3. Explore the first “automated” automated “automatic” methods: Using who and en Dataset, the paper designs and evaluates three distinctive ways to support automatic failure:
Everything in the matter: This LLM method provides user inquiries and a complete failure record, and ask him to specify the responsible agent and the decisive error step in one pass. Although it is costly effective, it may struggle to determine accurate errors in the long contexts.
Step by step: This approach mimics the correction of manual errors by reviewing the LLM recording of the reaction successively, which makes the ruling every step until the error is found. It is more accurate in determining the error step located but it bears higher costs and risks accumulate errors.
Binary Search: A compromise between the first two methods, this strategy is divided over and over again into half of the record, using LLM to determine the part that contains the error. Then he frequently searches for the specified sector, providing a balance in cost and performance.

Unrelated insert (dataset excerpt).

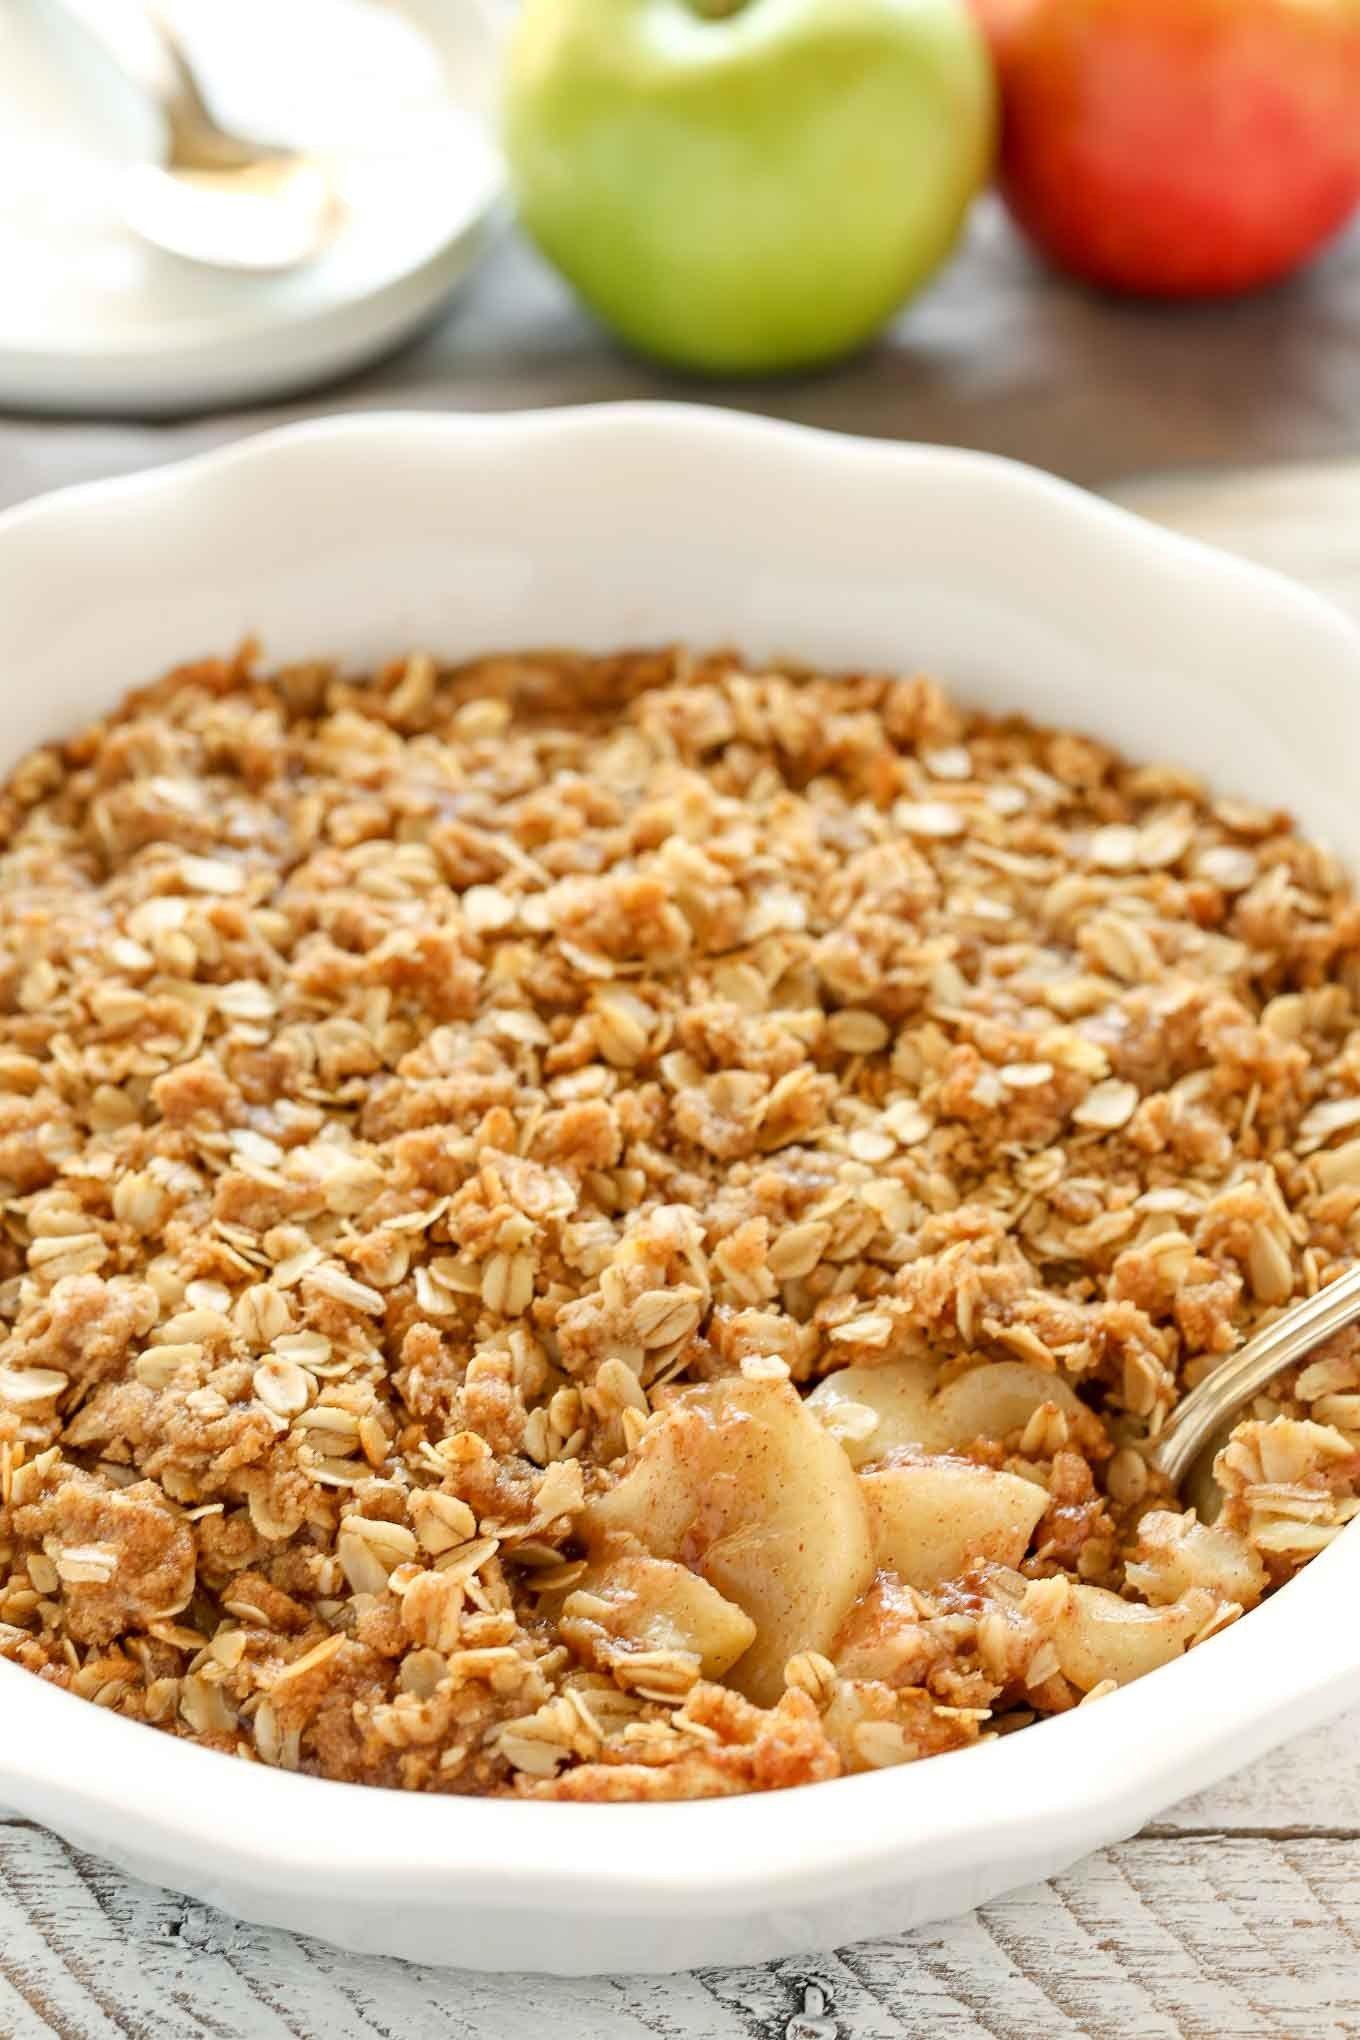 An easy cinnamon apple crisp recipe made with sliced

Experimental results and the main results

I have experiences in two preparations: one where LLM knows the answer to the truth to the problem that its multi -agent system tries to solve (With the Earth’s truth) And one no (no)Unrealistic). The basic model used was the GPT-4O, although other models were also tested. The systematic evaluation of these methods on the World Health Organization, and when the data group resulted in several important visions:

A long way to goThe current roads are far from perfection. Even the best way to achieve one performance has only accurately about 53.5 % In identifying the responsible agent and just 14.2 % In determining the delicate error step. Some roads have led to worse than random guessy, which confirms the difficulty of the task.
There is no solution “All in one”Different ways that excel in different aspects of the problem. the All there is to it The method is better to determine “than”, while Step -by -step The method is more effective in determining “Matthew”. the Bilateral search The method provides medium performance.

The hybrid approach shows the promise, but at a high cost: The researchers found that combining different methods, such as using the ALL-ONCE approach to select a possible agent and then apply step-by-step method to find the error, can improve total performance. However, this comes with a significant increase in the calculation.

Modern models are struggling: Surprisingly, even the most advanced thinking models, such as Openai O1 and Deepsek R1I am looking for this difficult task. This highlights the difficult difficulty in assigning automatic failure, which requires a higher level of thinking more than what is required for more traditional tasks.

The importance of frank thinkingExpressive claims that require LLM to explain her thinking about methods that range in step and step step to improve performance.

The length of context is a specific factorThe study also revealed that with the length of the context for the failure records, the performance of all the attribution methods tends to decrease, with a more clear effect on the accuracy of determining the error step.